When we optimize an activity, like running, driving, reading, or refrigerator inventory, we give it a lower place on the totem pole. We lose reverence for it. It's something to get done.

There's always a hidden tradeoff in technology.

The premise of smart lights is that dimming the lights is a nuisance to be avoided rather than a sacred evening ritual. I understand why people do both, but it's just important to consider. And again, not that long ago, it was lighting candles and lamps, which seems a lot more "reverent" than a dimmer switch.

Reading physical books and media seem to be bigger than ever before. There is a great hunger to learn and to read again, especially after spending so much time being entertained.

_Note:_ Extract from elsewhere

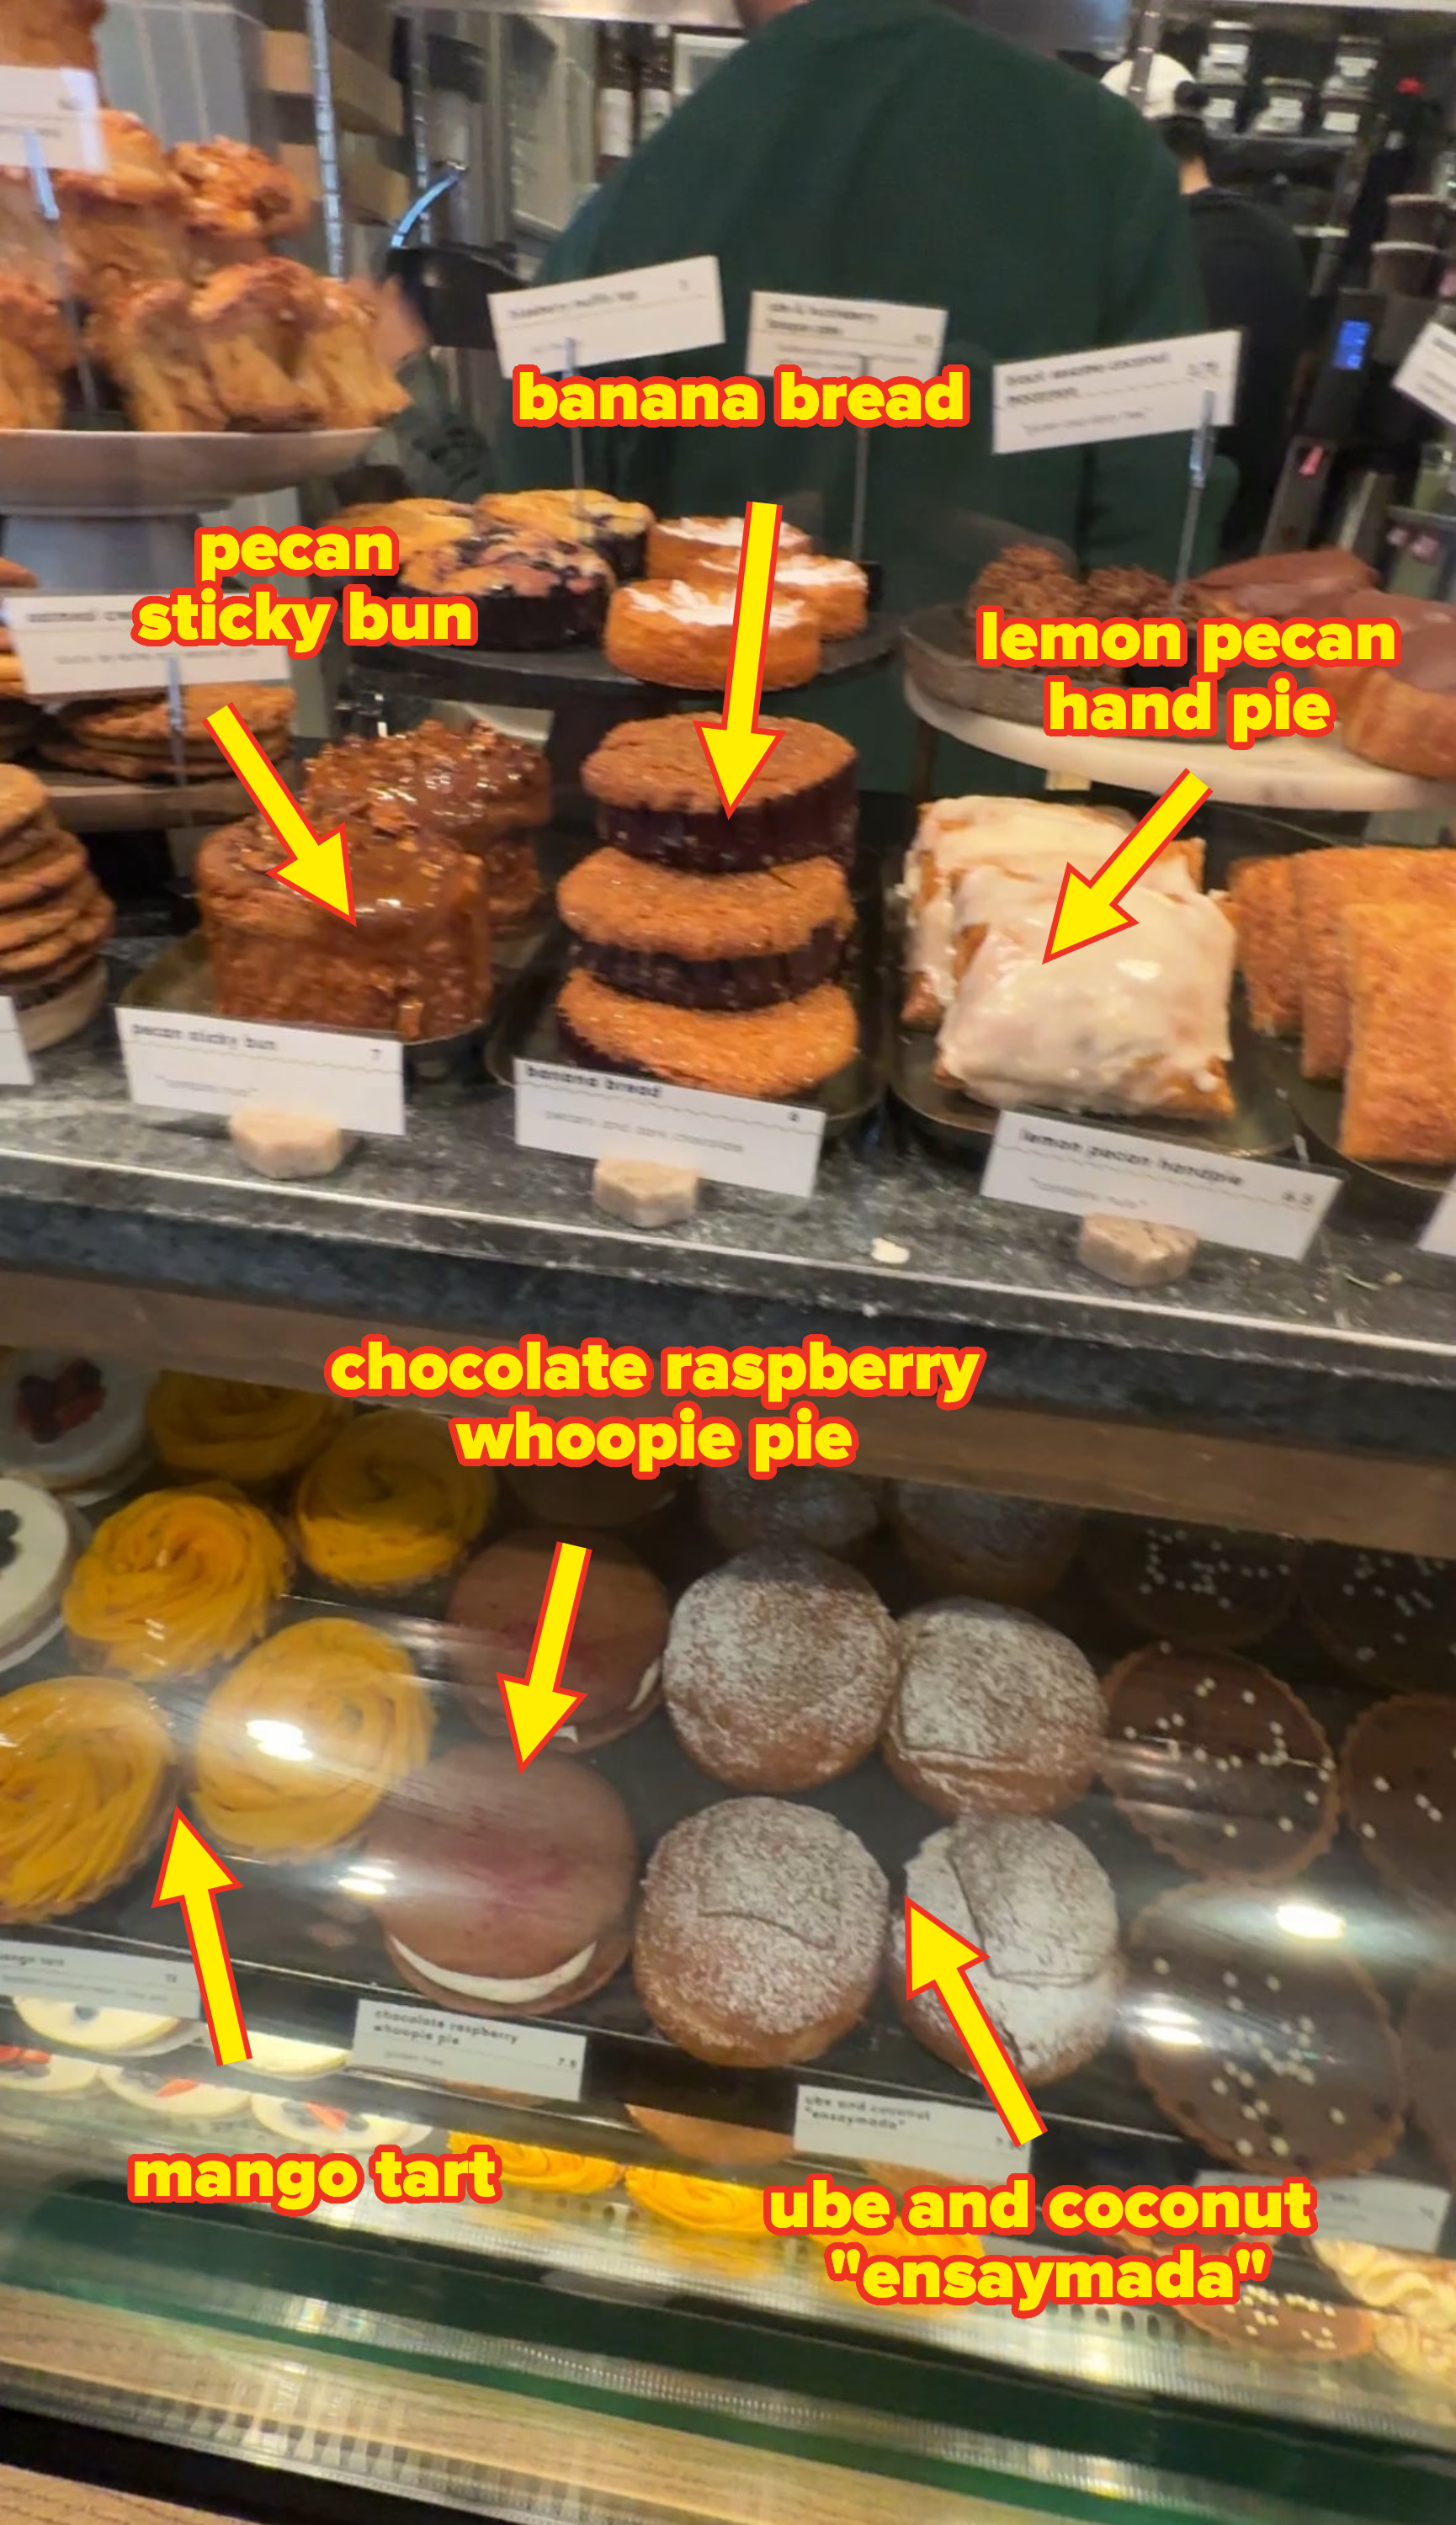 A bakery display case featuring various pastries, including cookies, cakes, and donuts, with labels indicating their names and prices

Obviously, this anti-optimization and dumb home trend applies to homes and fitness, but I think it's a broader trend and a fairly positive one, and maybe you are in a position to participate, to take advantage of it, or ideally, both.

Your home is a place you still control. There's not much you actually control outside of it. Smart tech and, very recently, smart glasses would like to come in and sell you a new experience of home.

But what made a great home great 1000 years ago remains highly applicable today and increasingly appealing to more and more folks.